I took the painting from the gallery The Lay of the Land as a starting point and largely adopted the style. On the front end of the Porsche, the blue represents the ocean, further towards the middle the green reflects the rainforest and the red-brown on the back of the car refers to the desert. On the hood are five large concentric circles. This symbolises a ‘meeting place’. And such a meeting place is very important in Aboriginal culture. It is the place where knowledge is shared and where people come together to talk to each other and care for each other. I deliberately placed the symbol at the front of the car because for me it represents the starting point for a conversation with others. The flowing lines on the side of the Porsche represent the journey that the car and those on board make. And then there are also two turtles. I added them as a tribute to K’gari where the animals live.

In addition to being an artist, you are also a kindergarten teacher, and you often give workshops.

I love talking about my culture, about the beauty of our art, the respect for nature and the resilience of our people and I do that in many different ways. Young children are still very open to new information and still have that special sense of wonder. I not only give workshops in schools, but also in companies. One of the most important messages I want to convey to others is that when you care of Country, Country takes care of you.

You talk about ‘Country’. What exactly does that mean?

For Aboriginals, ‘Country’ means much more than a piece of land. We also write the word with a capital letter. We believe that everything is connected. ‘Country’ refers to a deeply spiritual, cultural and emotional concept that encompasses the connection between people, nature and ancestors. Each tribe or ‘mob’ has its own ‘Country’, with its own stories, songs and totems.

You design prints for cushions, bedding, bags, scarves, wallets, diaries, postcards, surfboards… you name it.
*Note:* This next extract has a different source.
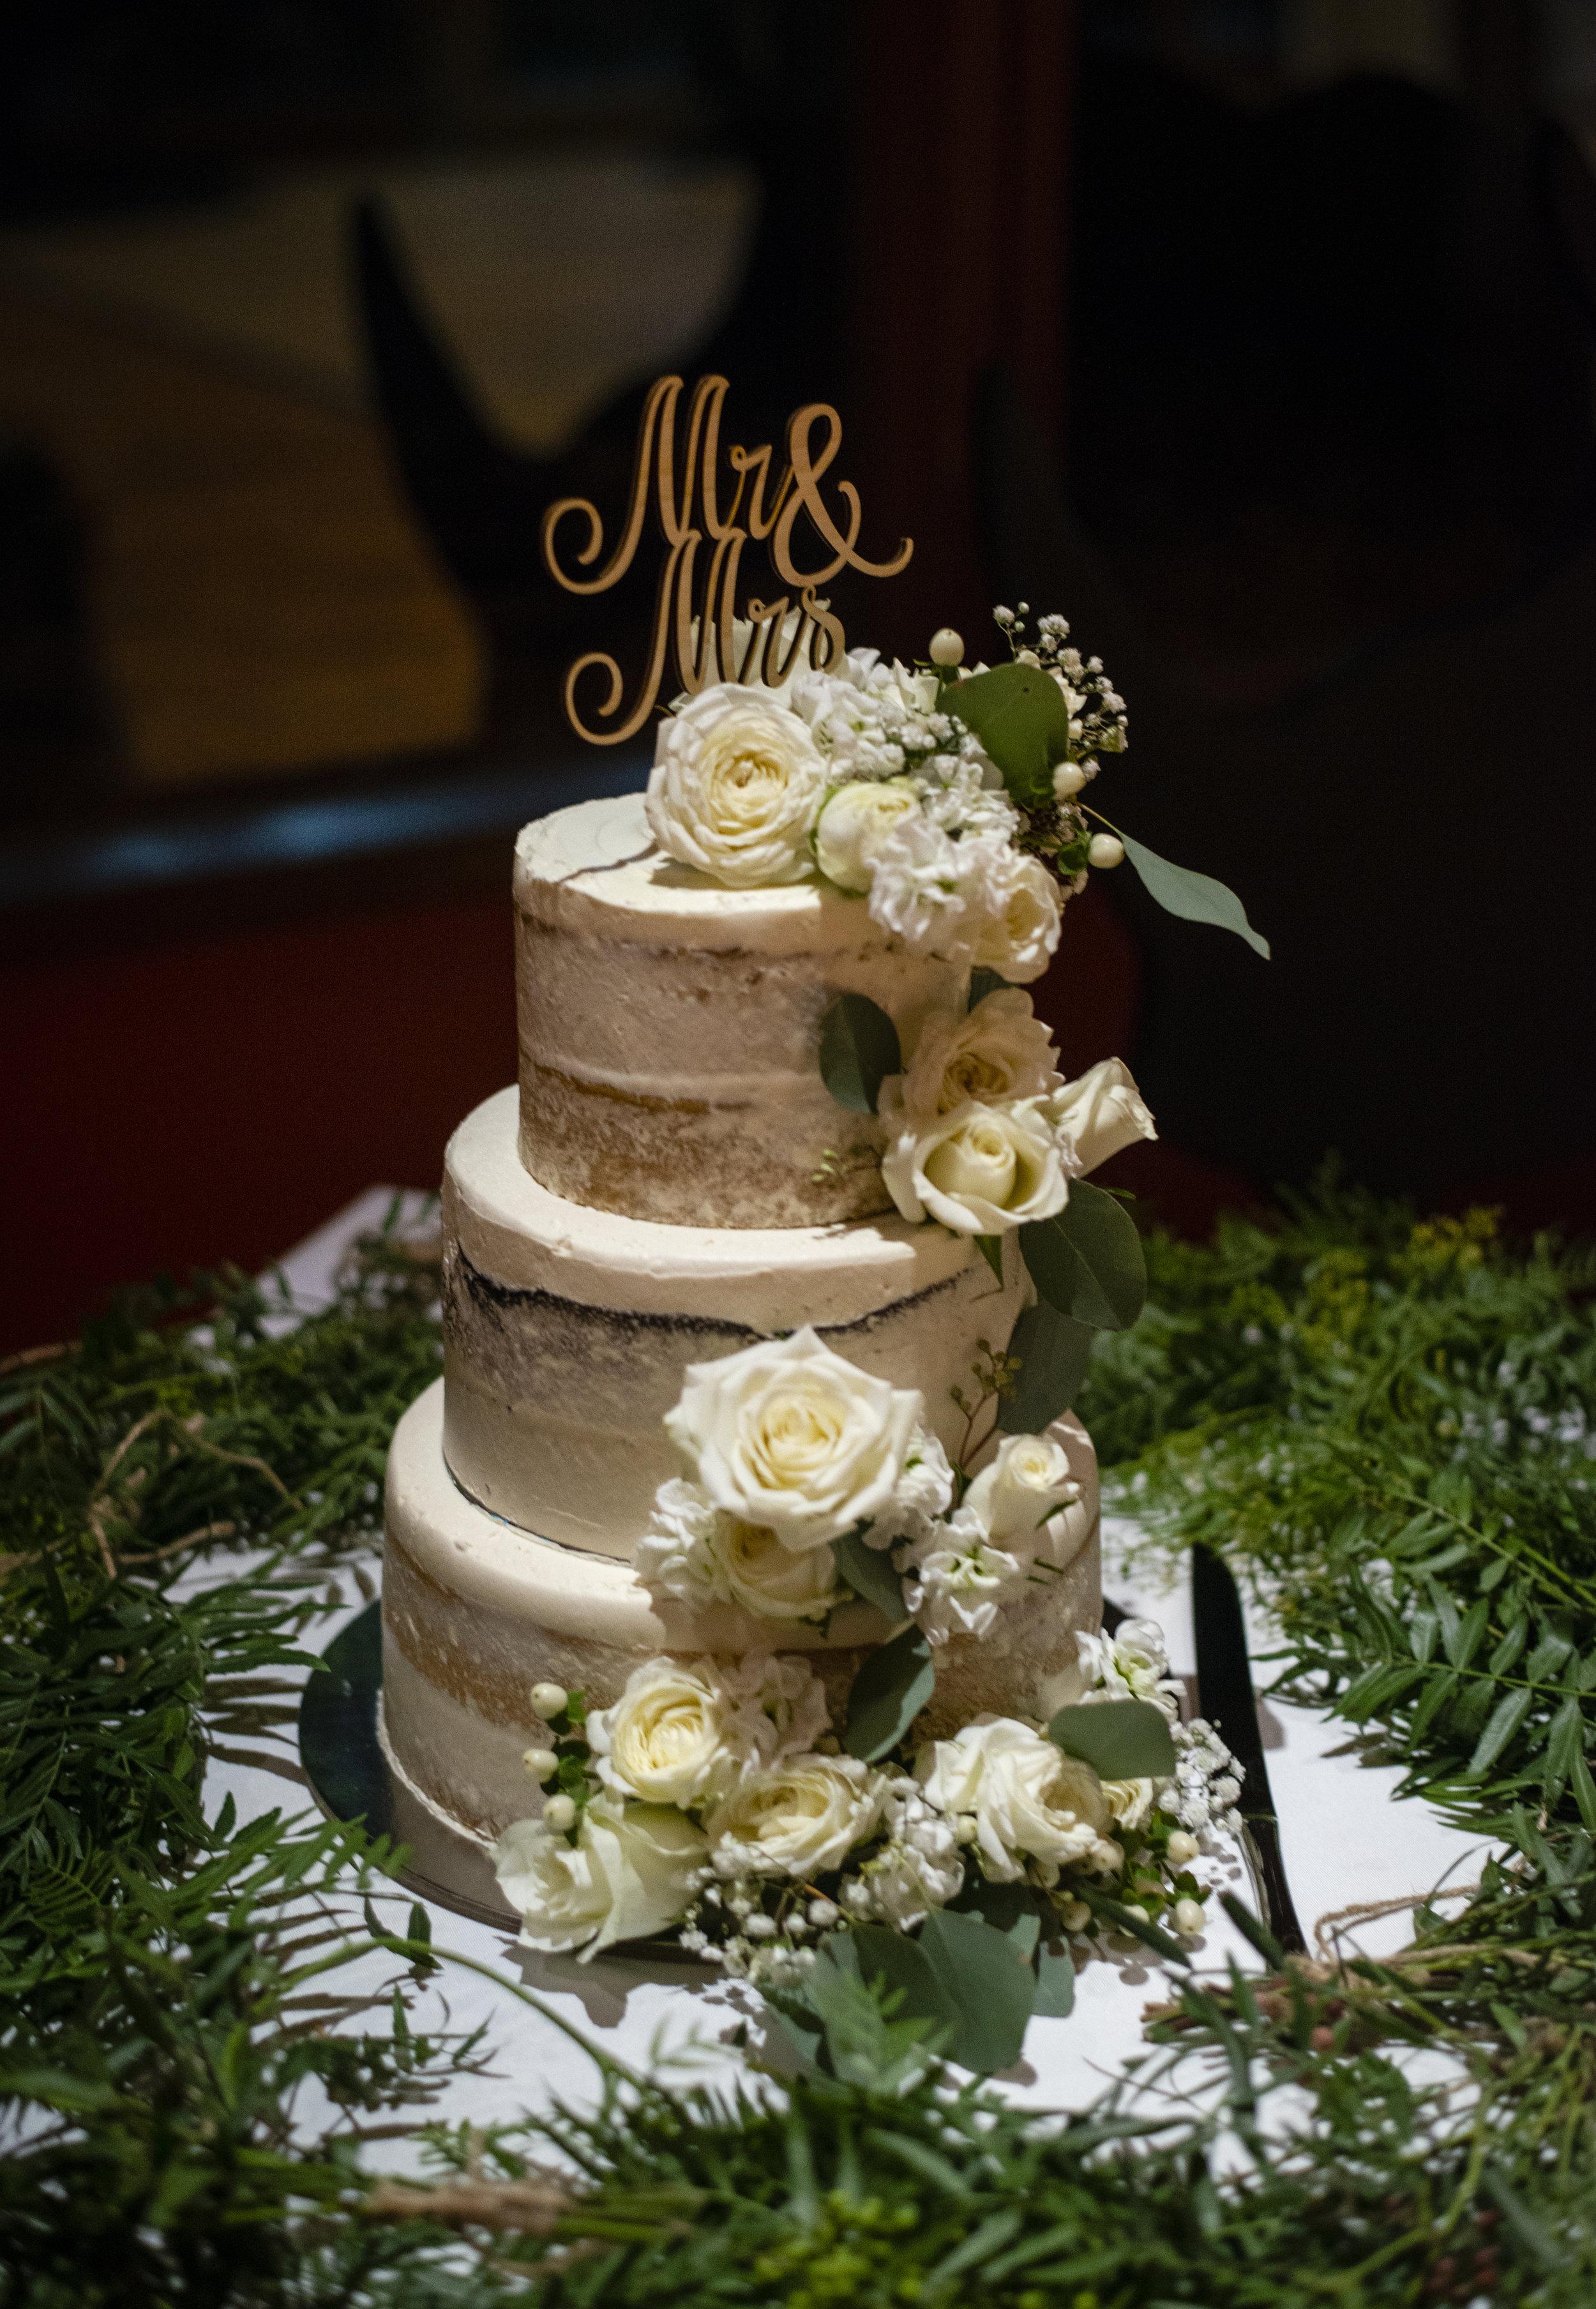 Sarah & Nick Cake: @mister_nice_guys_bakeshop

But those things also need to be produced effectively. How do you find the right manufacturers?

I really feel like my ancestors are watching over me and have a plan for me, because usually the manufacturer comes to me with a request. What appeals to me about these collaborations is that Aboriginal art spontaneously ends up with people who normally wouldn’t be interested in indigenous art and who unknowingly make a connection with my culture. That is very beautiful. It is relatively new for Aboriginal artists to have so many possibilities. In the past, Aboriginal art was not taken seriously, but now Aboriginal artists are respected and recognised for their talent.

Do you live by a certain motto?

In my culture, everyone has a totem animal. My totem is a ‘willie wagtail bird’. It is a small, cheeky, black and white bird that is called the messenger. The white in its plumage stands for good news, the black for bad. Because the bird is my totem, I have an obligation to pass on news – whether it is good or bad. And not just news, but also knowledge. Nothing about our culture is written down. Aboriginal people were not allowed to learn to read and write by the white rulers, so all knowledge was passed on orally from generation to generation and that is still the case today. I learn so much from the Ngarrindjeri women in my community. We care for our elders and encourage them to share as much information as possible with us, the younger generation. I consider myself lucky that I am alive now, in a time when our communities are slowly gaining equality, and I really see it as my duty to pass on as much of our culture as possible to others. ♦

“I really feel like my ancestors are watching over me and have a plan for me.”